I refuse to sit and argue with you because based on what you have posted thus far I can see it would be a waste of my time.


Closing note:
We will be going to war with Iraq and we will kick Saddam's ass, we can only hope that we actually kill the dickhead this time!


----------



## Rusty (Jan 29, 2003)

> _*Originally posted by frusht *_
> bush doesn't care about the people.  If he did, why would he only give tax breaks to the rich?  He should worry about the problems in america first fix those, then worry about the rest of the world.



back up your point.......The tax cuts he is proposing are for everyone you nit wit.   How old are  you anyway?  Did you graduate school yet?  Did you even watch last nights address?


----------



## Arnold (Jan 29, 2003)

> _*Originally posted by frusht *_
> bush doesn't care about the people.  If he did, why would he only give tax breaks to the rich?  He should worry about the problems in america first fix those, then worry about the rest of the world.



the US is not some self-contained island, we depend on other countries just as they depend on us.
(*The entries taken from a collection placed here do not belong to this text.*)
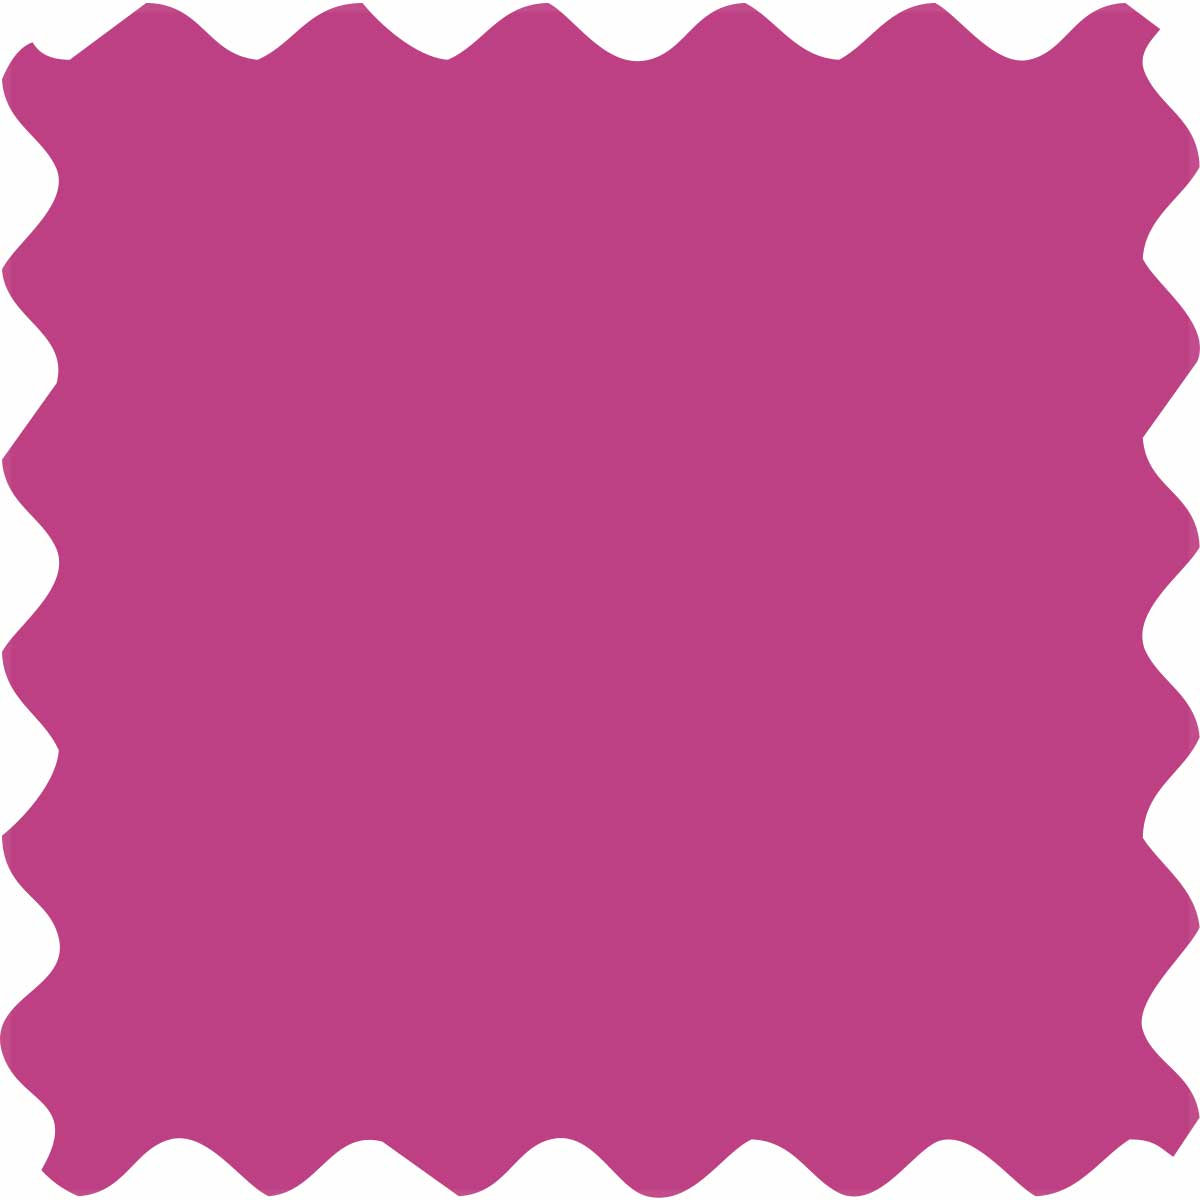 Fabric Creations™ Plush™ 3-D Fabric Paints - Sugar Plum, 2 oz.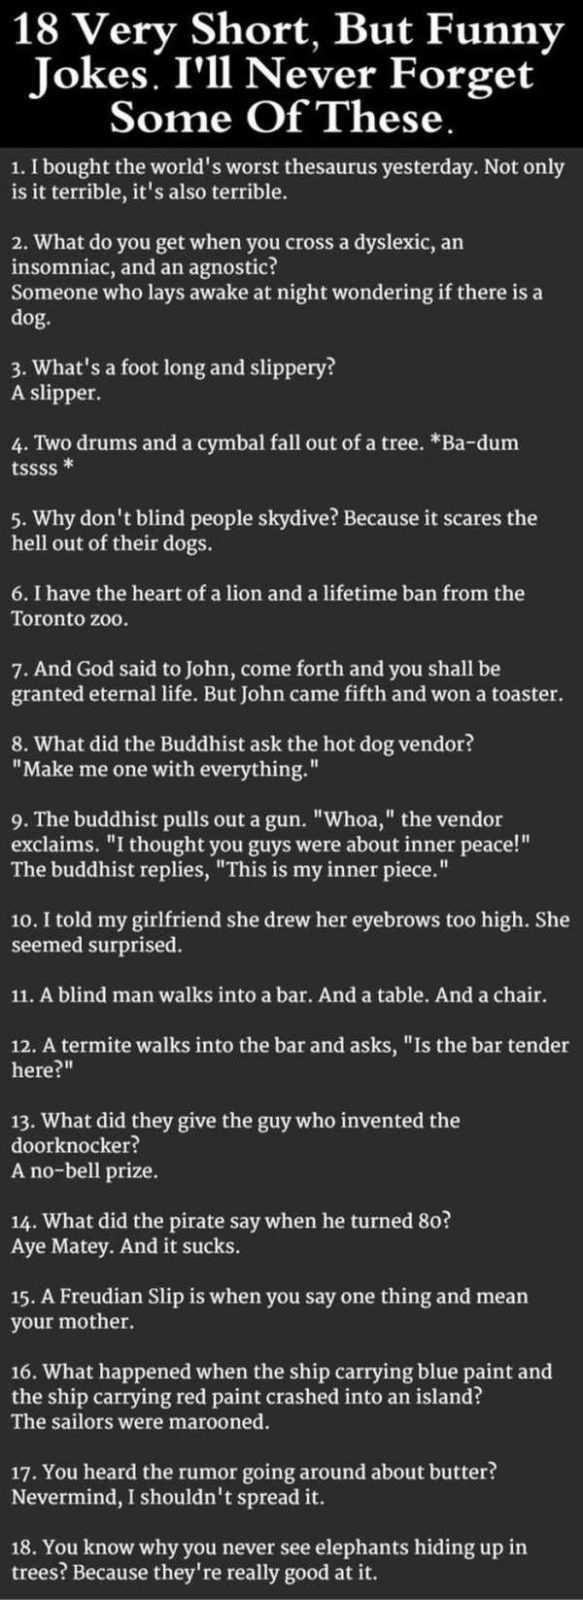 Jokes And Short Stories 212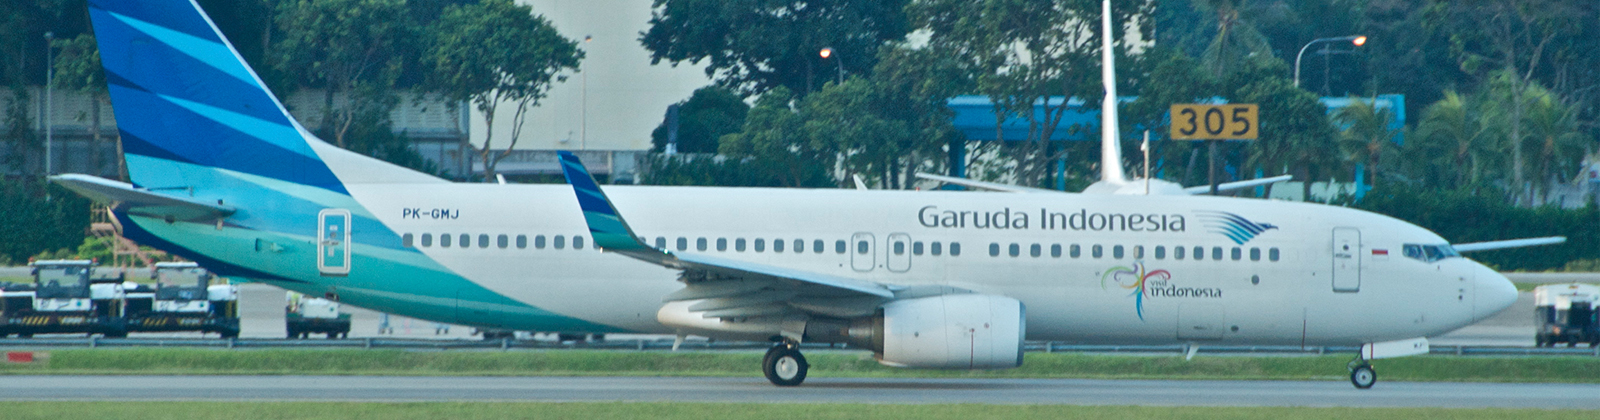 Cara Reschedule Tiket Garuda Indonesia Skyscanner Indonesia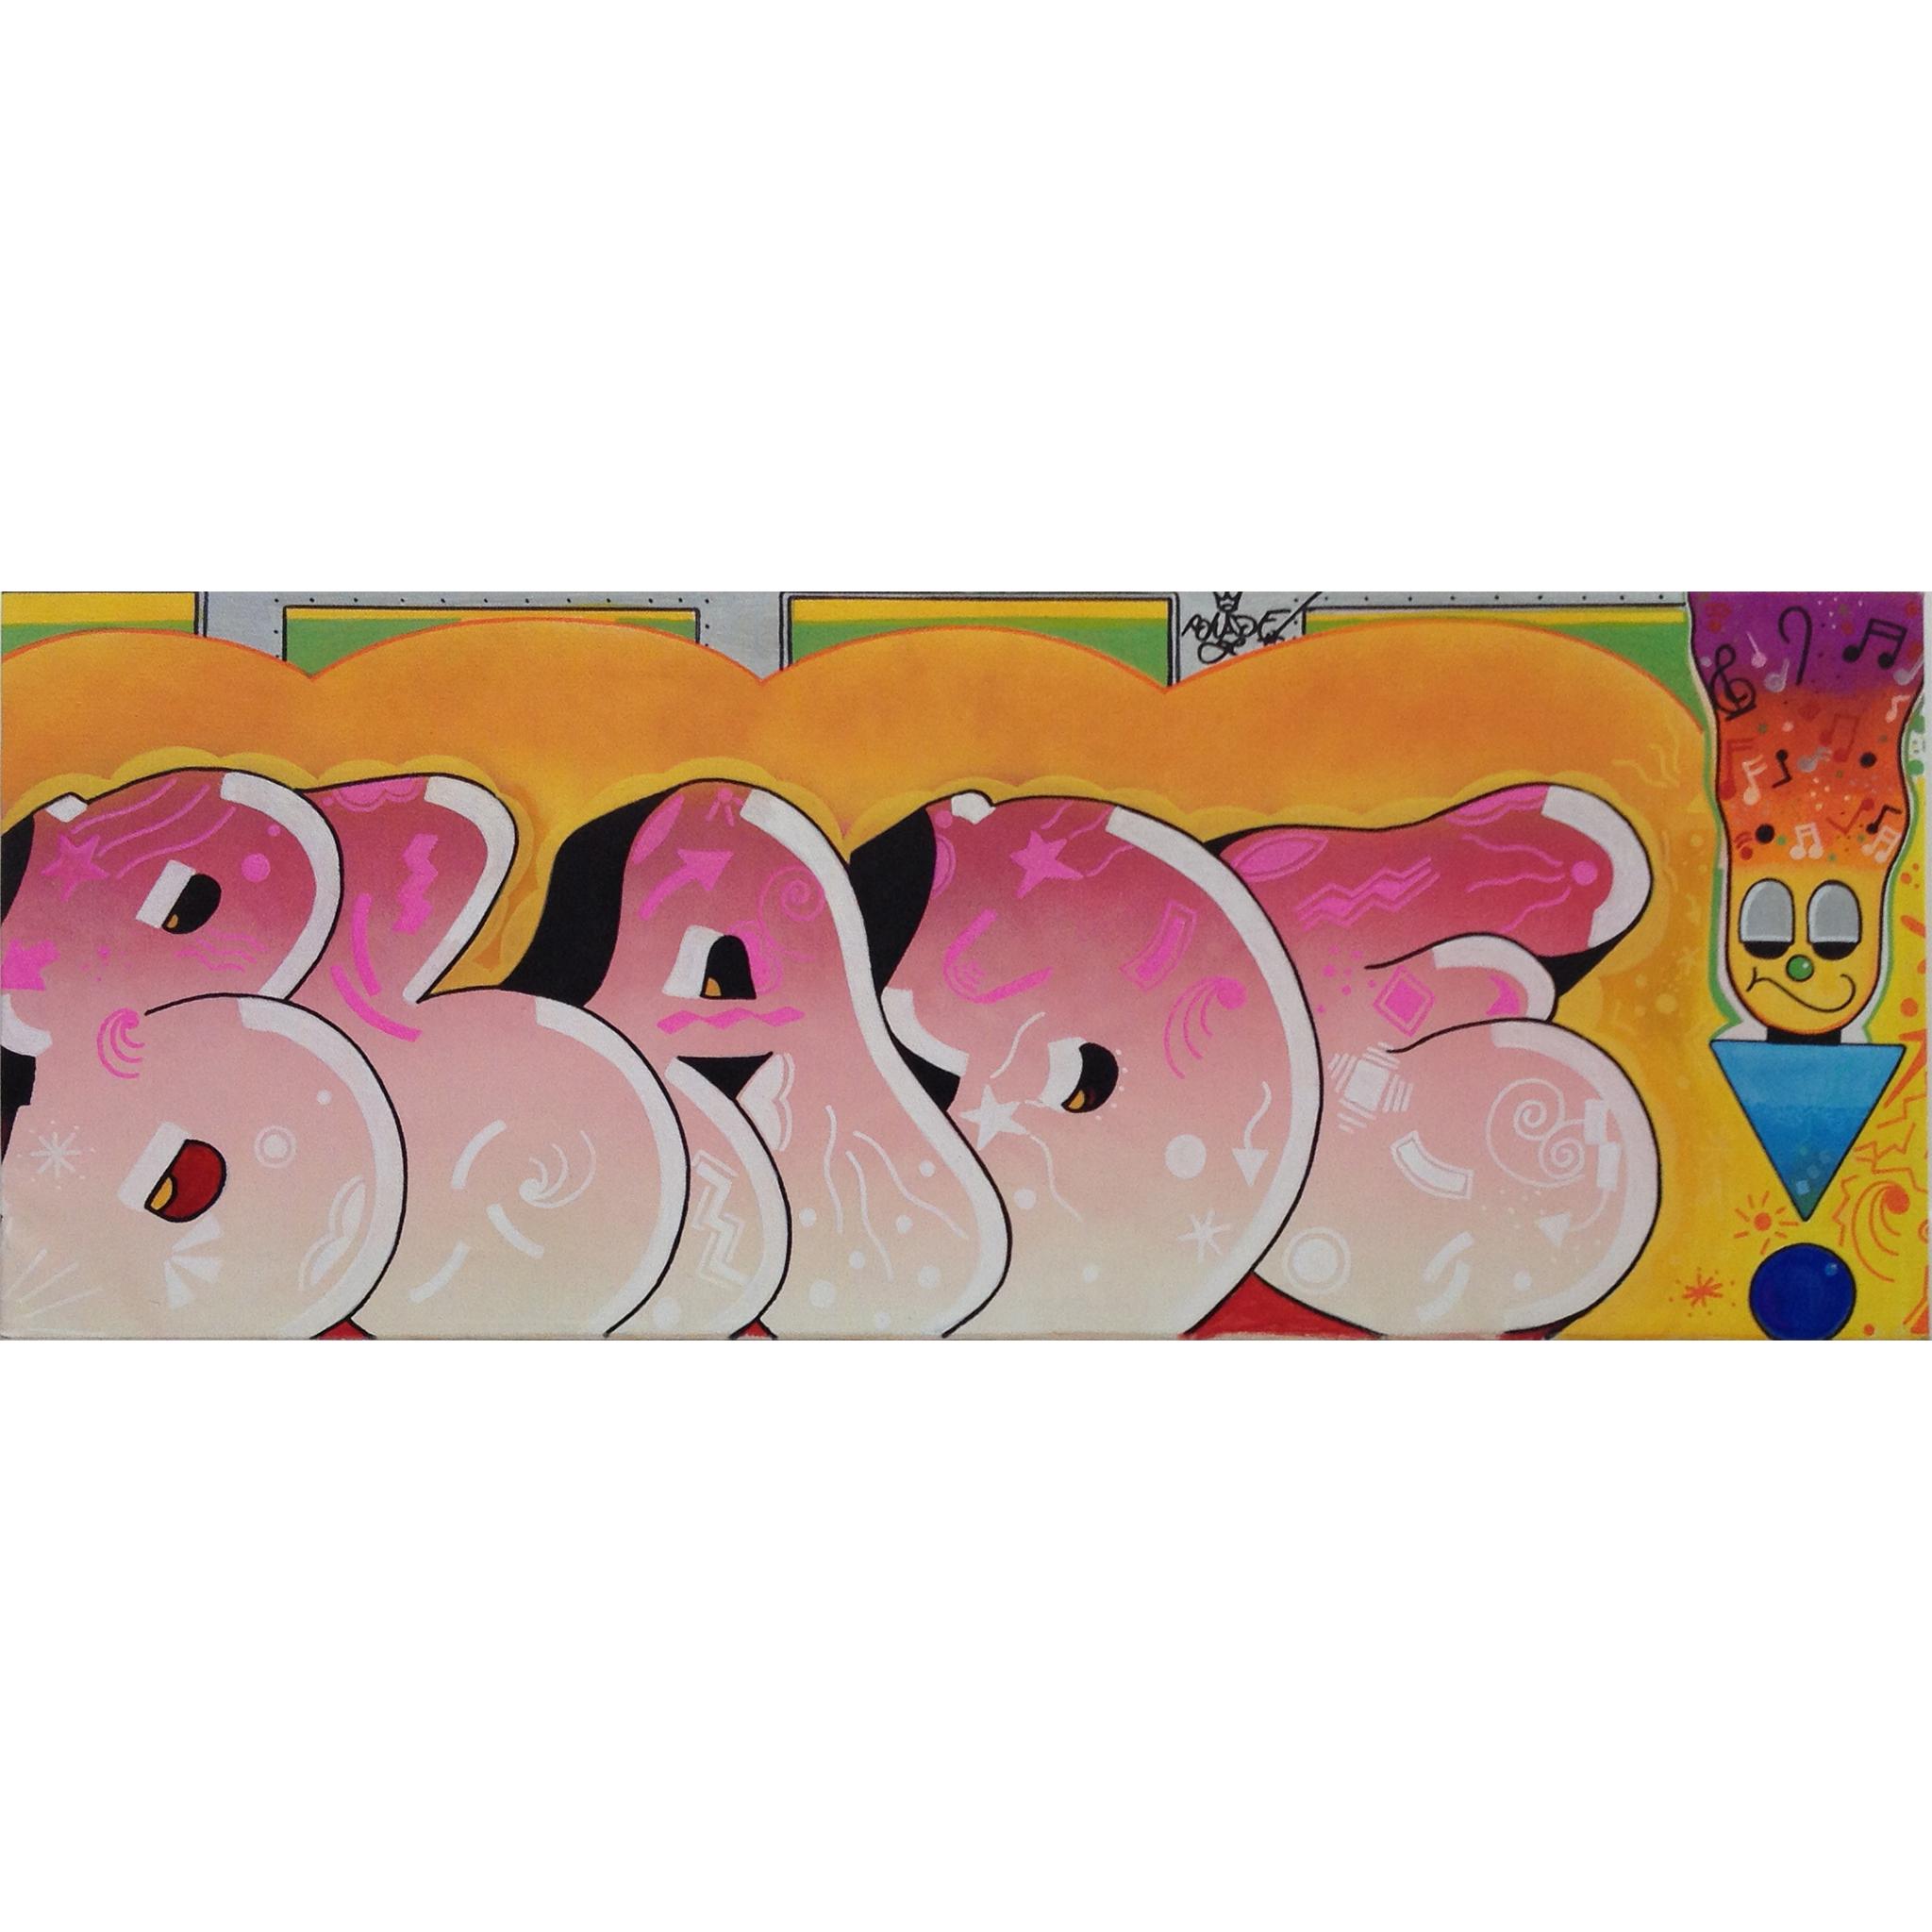 BLADE - DESIRE'S PASSION

btw, do you have any education?


----------



## frusht (Jan 29, 2003)

and his speach the mindless drones keep cheering him on and clapping for him like he's some kind of hero, the bastard has done nothing but threatened affirmative action, women/abortion rights, more women rights concerning title ix, and a bunch of farcical tax cuts that mainly aid the rich people of the country, he says they need to make more jobs available and put more money into domestic economy?? all empty words, bullshit, what is he REALLY doing, scheming to go to war with unsubstantiated impetus


----------



## Rusty (Jan 29, 2003)

> _*Originally posted by Prince *_
> the US is not some self-contained island, we depend on other countries just as they depend on us.
> 
> btw, do you have any education?


----------



## frusht (Jan 29, 2003)

and i do have education


----------



## ALBOB (Jan 29, 2003)

> _*Originally posted by frusht *_
> and i do have education



Got a D+ in English, didn't you?


----------



## Arnold (Jan 29, 2003)

> _*Originally posted by frusht *_
> and i do have education



great, what is it?

and don't lie.


----------



## frusht (Jan 29, 2003)

nope


----------



## frusht (Jan 29, 2003)

high school and in my second year of chemical engineering.


----------



## Rusty (Jan 29, 2003)

> _*Originally posted by frusht *_
> high school and in my second year of chemical engineering.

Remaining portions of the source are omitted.